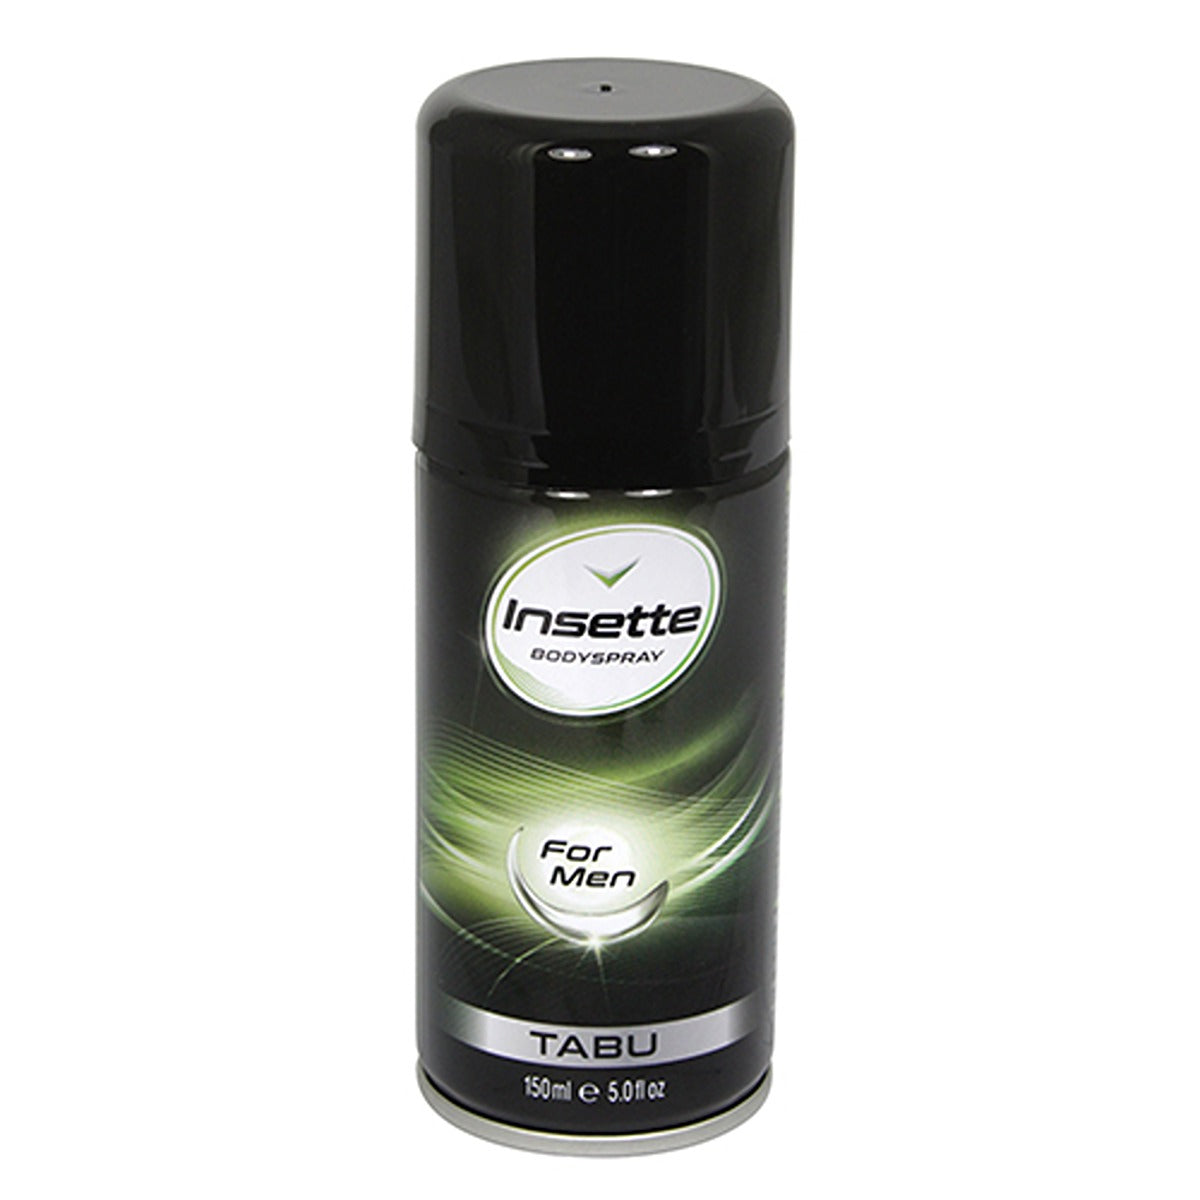 Insette - Men's Deodorant Body Spray Tabu - 150ml - Continental Food Store
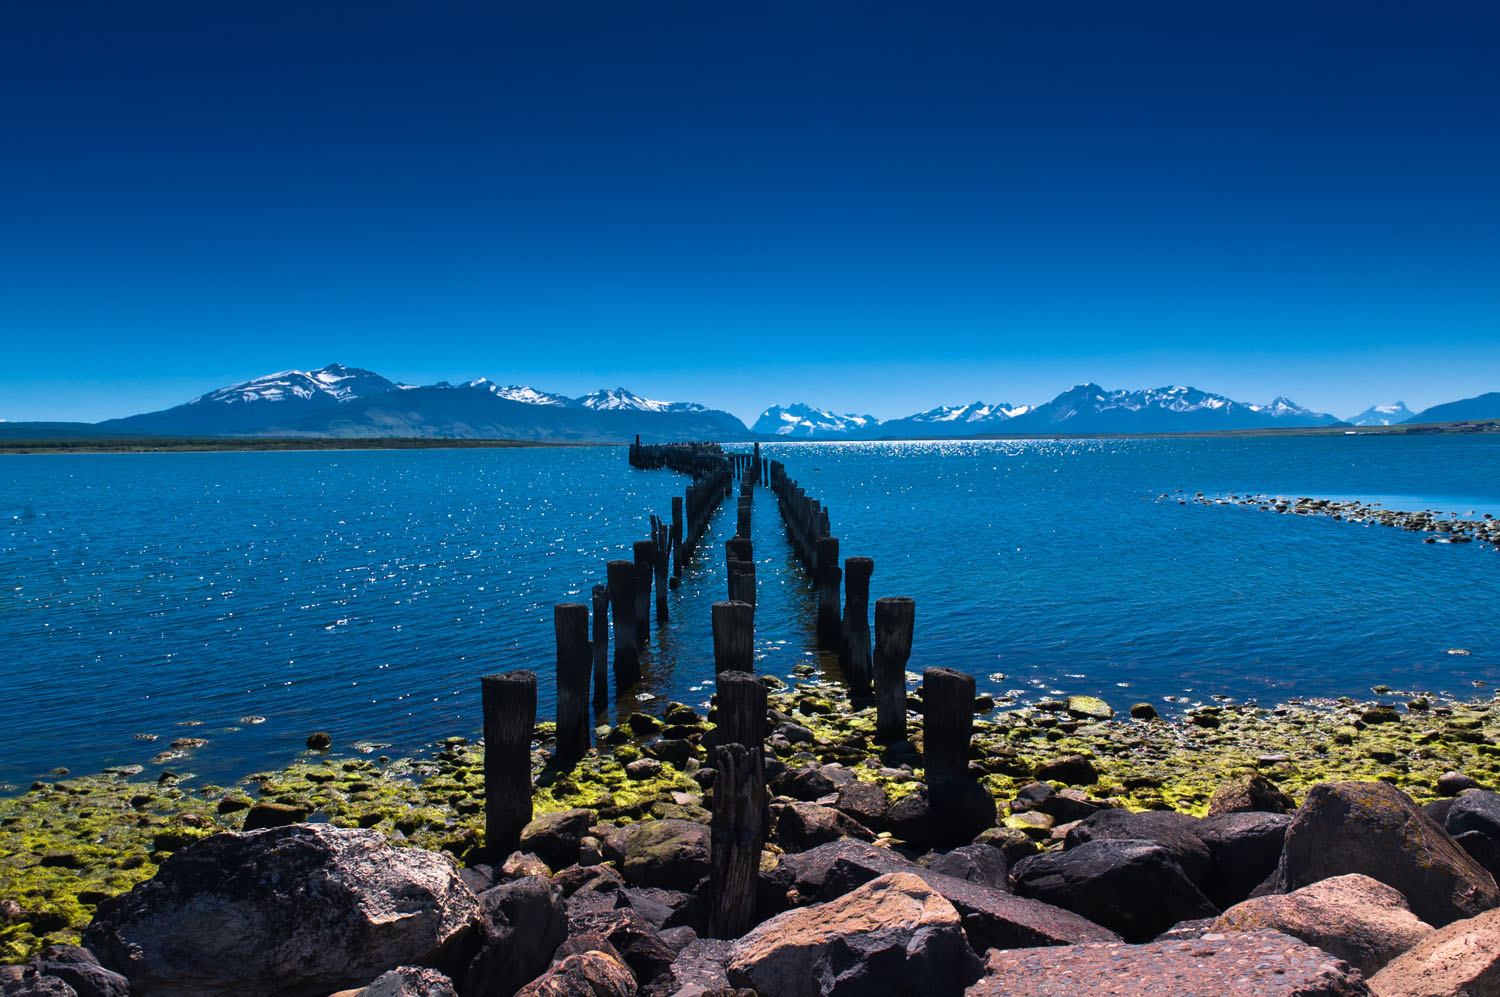 Llanquihue Lake, Chile
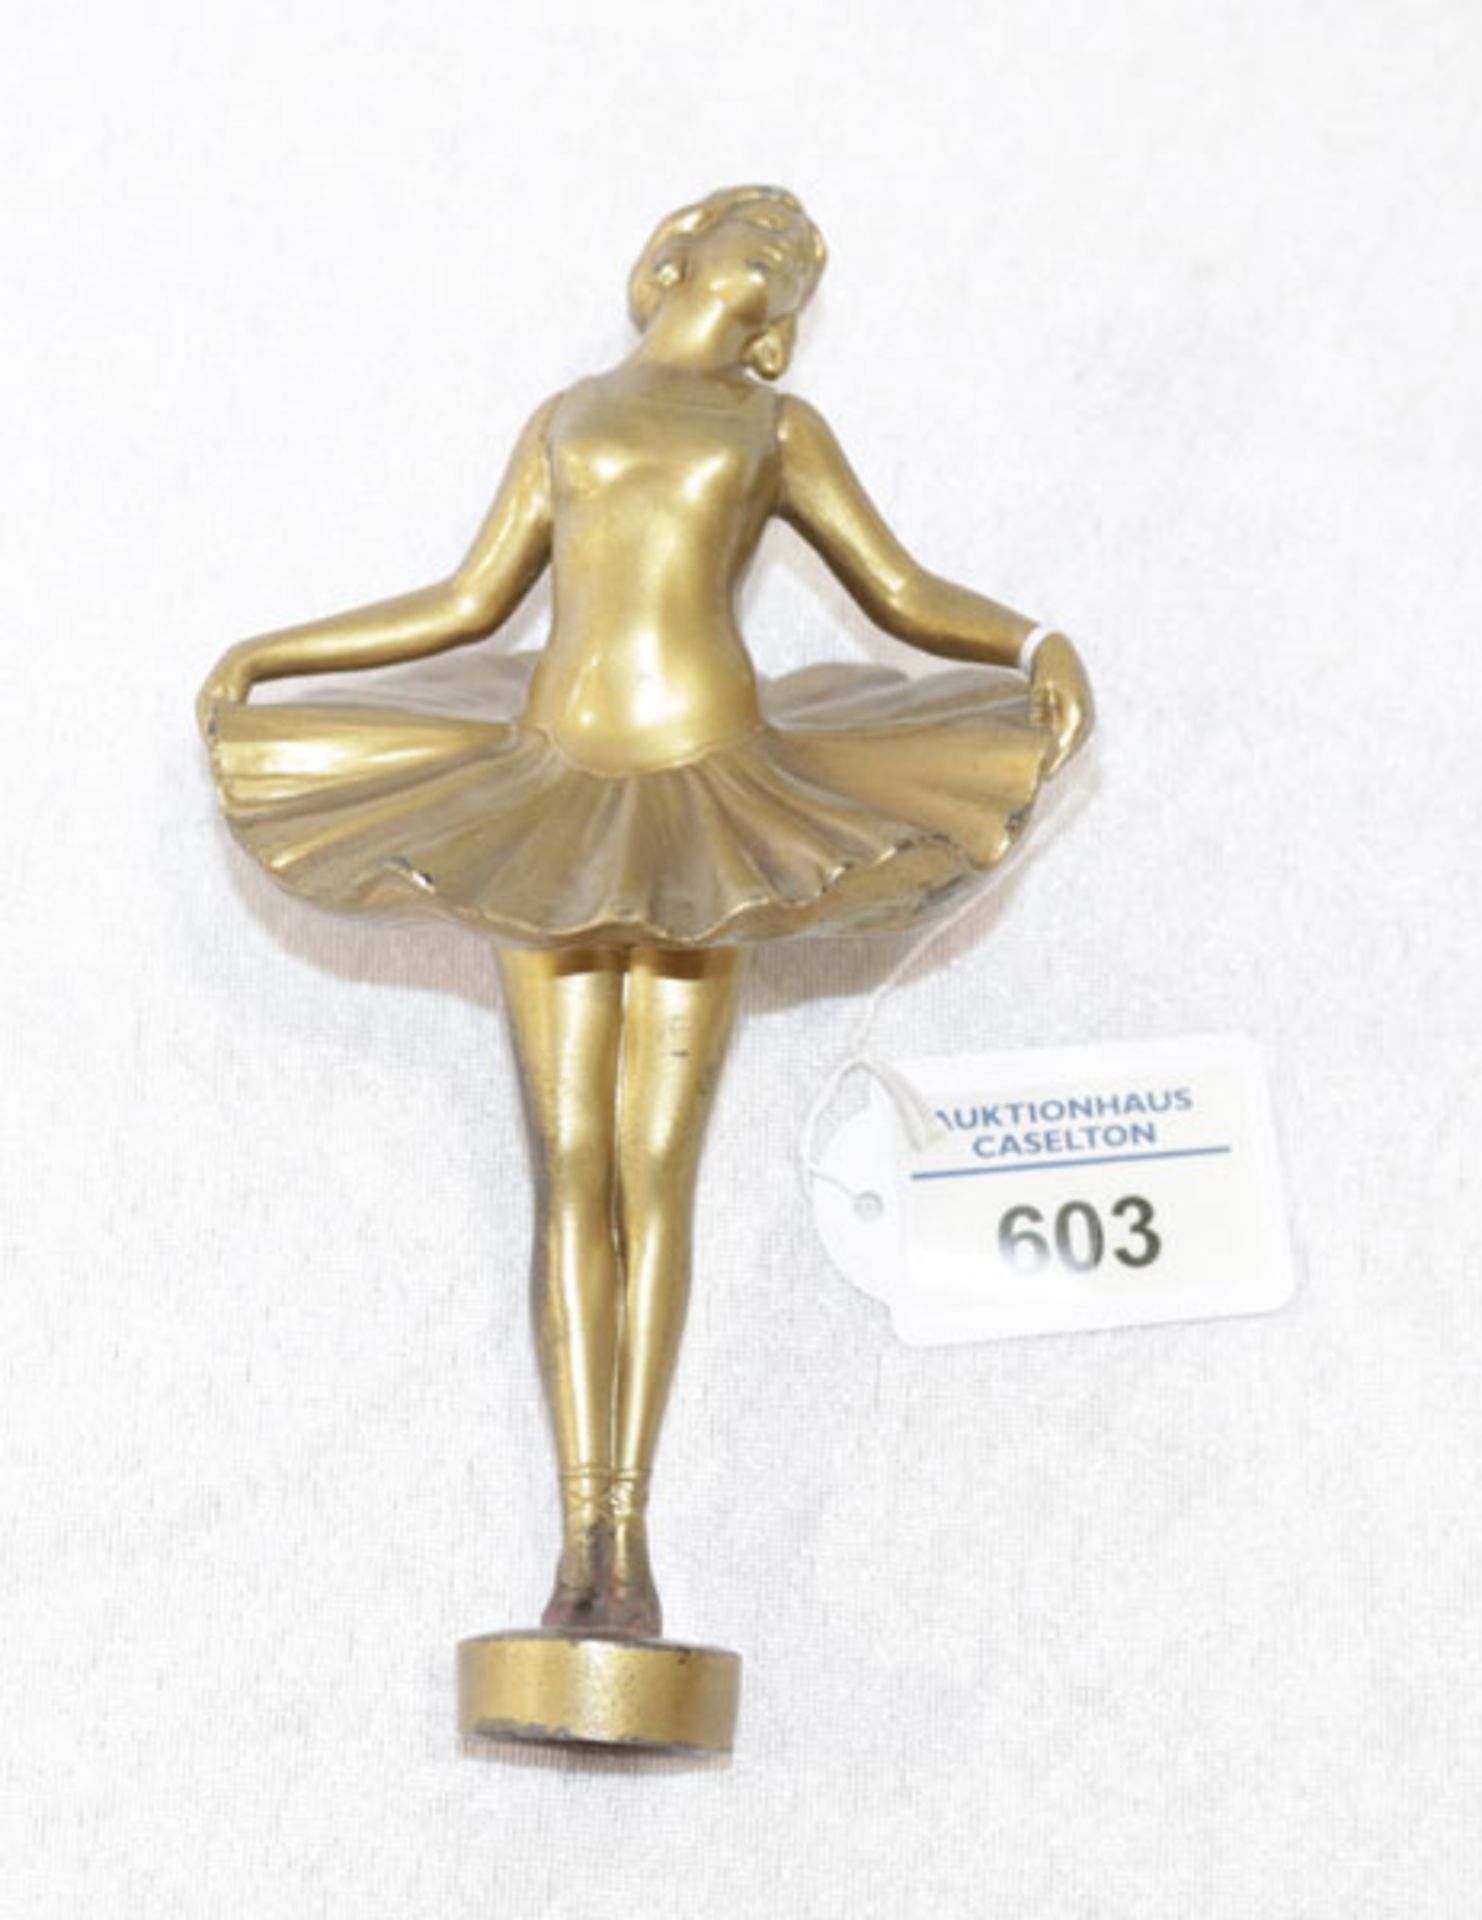 Metall Figurenaufsatz 'Tänzerin', gold bemalt, H 18 cm, D 10 cm, Altersspuren
========================================================================
TASK DIRECTIONS: The answer must be the listing above, restated word for word, with no images in it.

REPLY:
 Insette - Men's Deodorant Body Spray Tabu - 150ml - Continental Food Store
 Llanquihue Lake, Chile
 Metall Figurenaufsatz 'Tänzerin', gold bemalt, H 18 cm, D 10 cm, Altersspuren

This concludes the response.